3. The optimization method of claim 2, wherein the determining whether the semantic analysis of the sample by the semantic similarity analysis model is incorrect according to whether the difference satisfies a similarity tolerance condition comprises:

and when the difference is smaller than or equal to a given difference threshold value, judging that the semantic analysis of the semantic similarity analysis model on the sample is correct, and when the difference is larger than the given difference threshold value, judging that the semantic analysis of the semantic similarity analysis model on the sample is wrong.

4. The optimization method according to claim 3, wherein the semantic analysis of the features of the erroneous samples comprises: semantically analyzing the difference points of two sentences in the sentence pair of the wrong sample;

the adding a new sample with the same features to the sample set based on the features of the sample under which the semantic analysis is incorrect includes: and adding a new sample with the same difference point of the two sentences in the sentence pair to the sample set based on the difference point of the two sentences in the sentence pair of the sample with the semantic analysis error under the error type.

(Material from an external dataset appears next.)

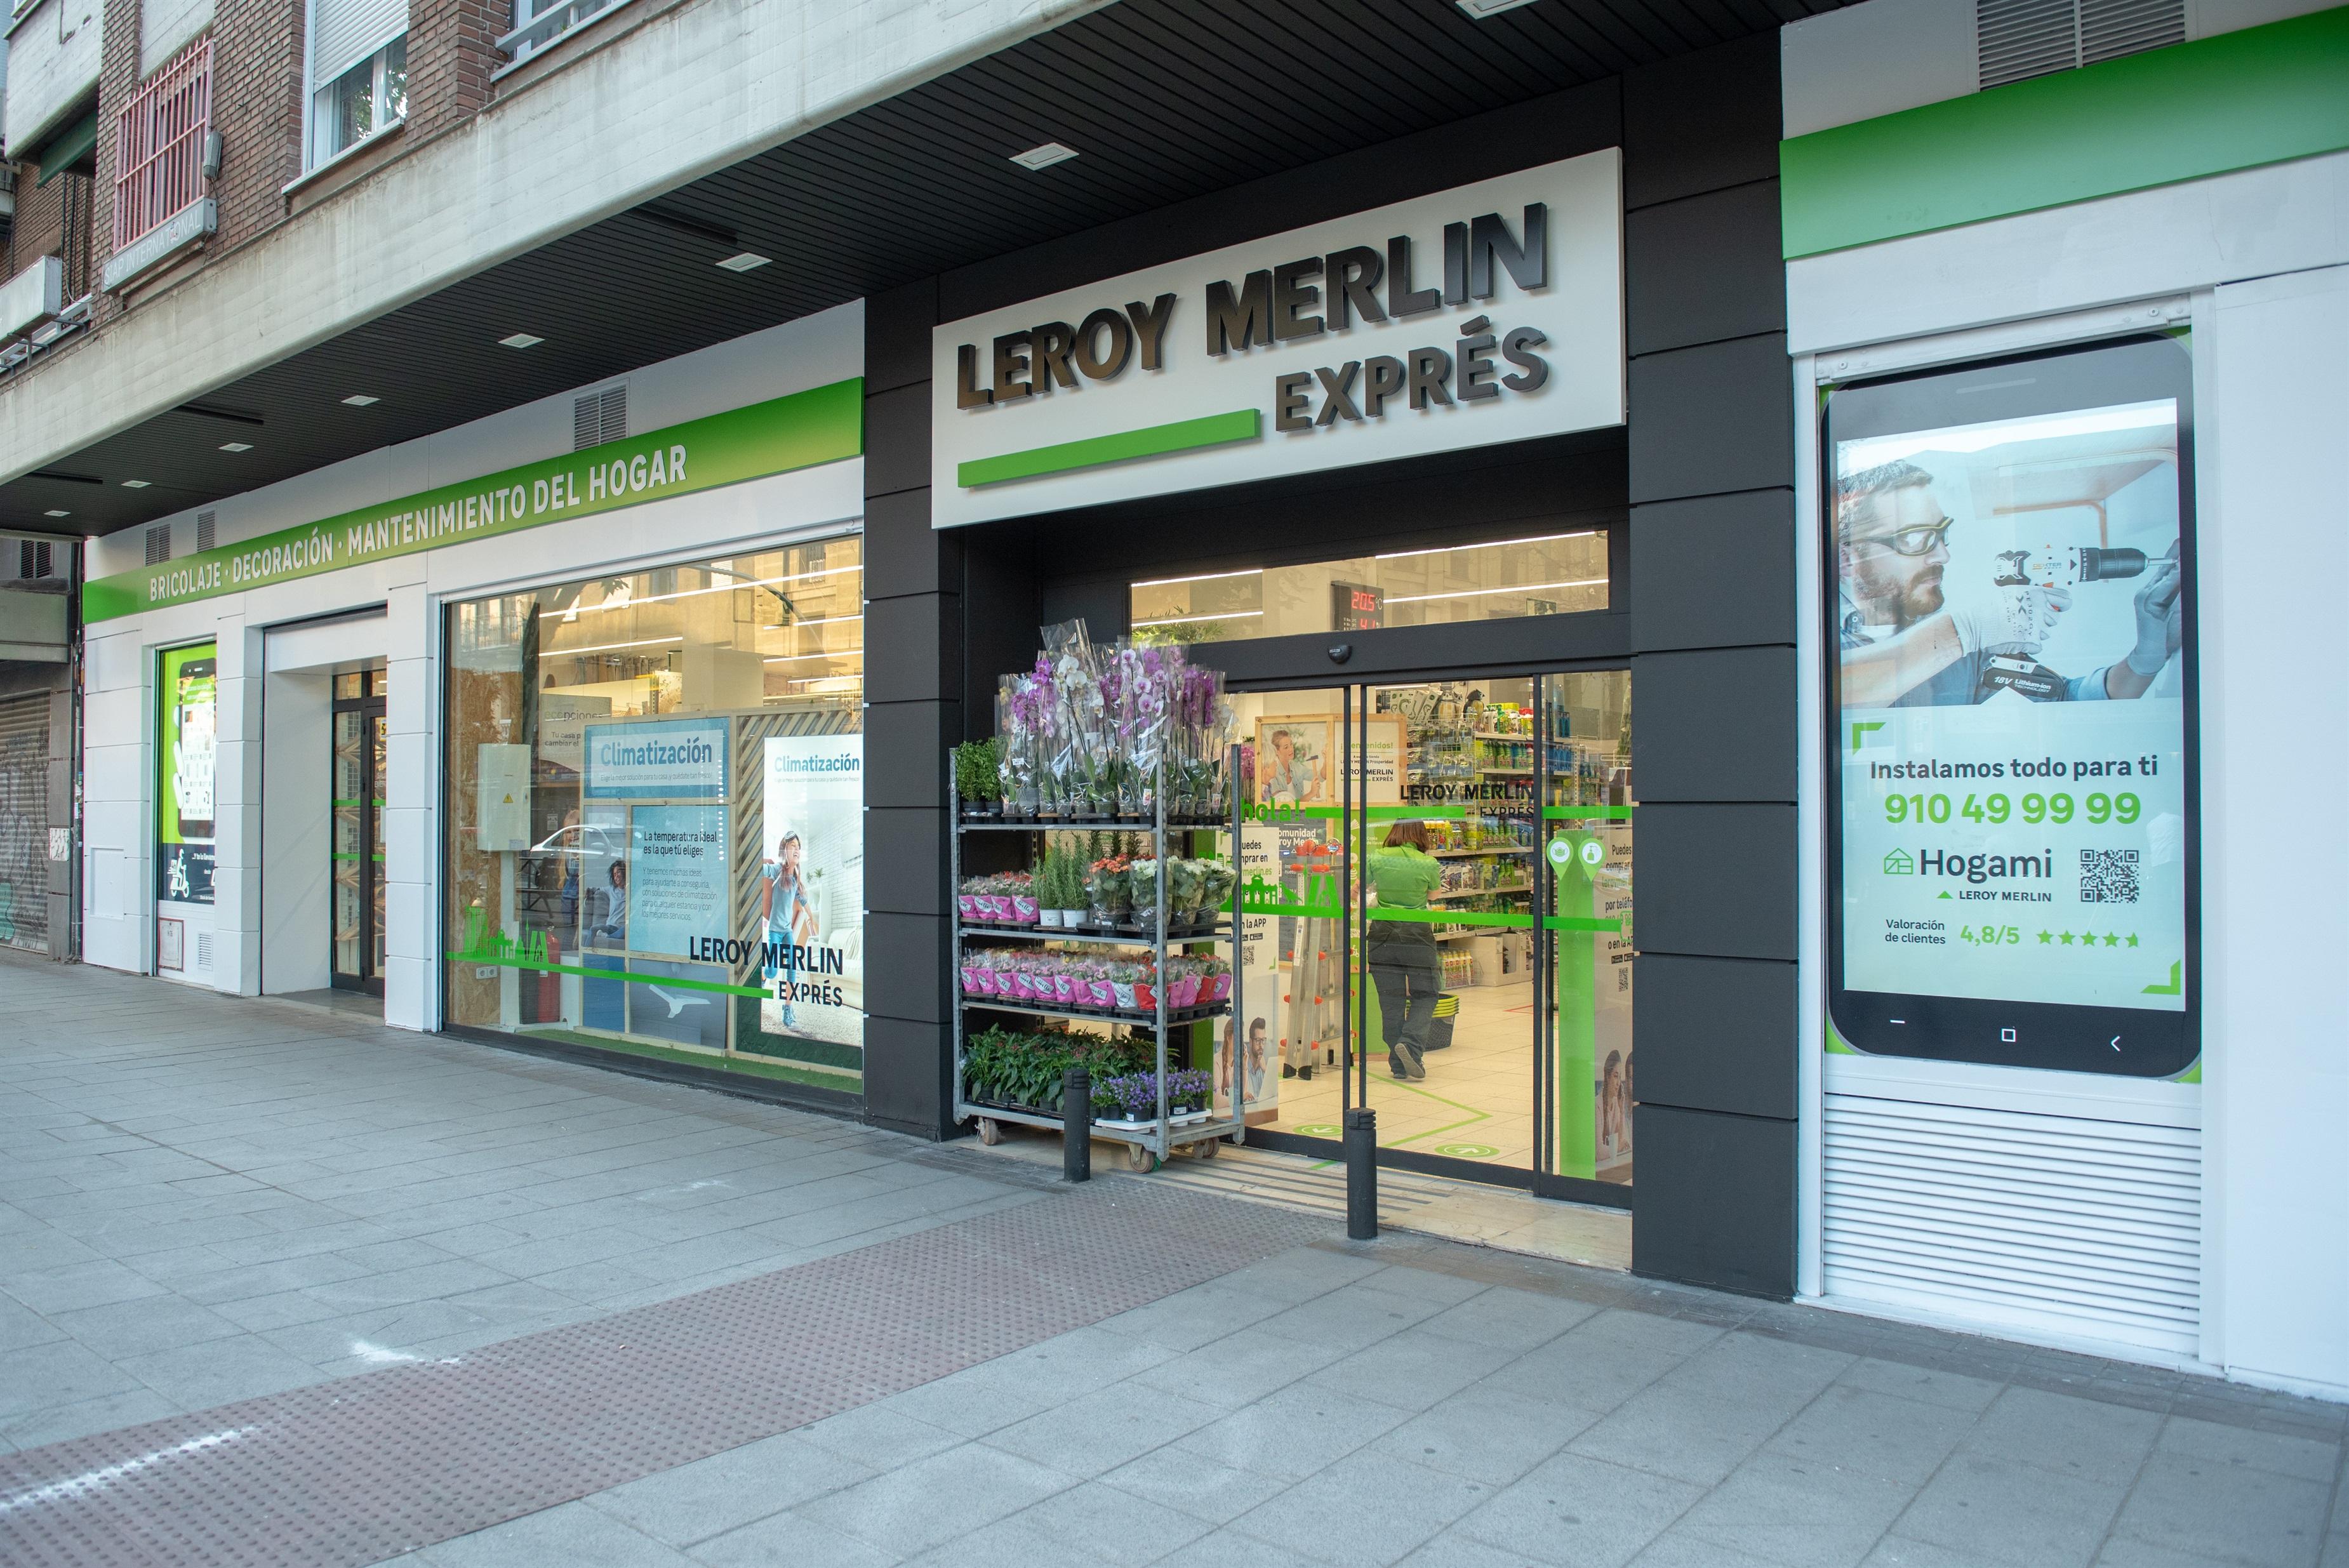 Leroy Merlin Express

5. The optimization method according to claim 4, wherein the adding a sample having a point where two sentences in a sentence pair have the same difference to the sample set based on the difference point of two sentences in the sentence pair of the sample with the semantic analysis error under the error type comprises:

and replacing the words in the two sentences in the sentence pair of the sample with semantic analysis errors in the error type with the synonyms of the words based on the synonym table to generate a new sample of which the two sentences in the sentence pair have the same distinguishing point, and adding the new sample into the sample set.

6. A storage medium storing program code, characterized in that the program code realizes the steps of the method according to any one of claims 1-5 when executed by a processor.

7. A computing device comprising a processor and a storage medium storing program code which, when executed by the processor, implements the steps of the method of any one of claims 1-5.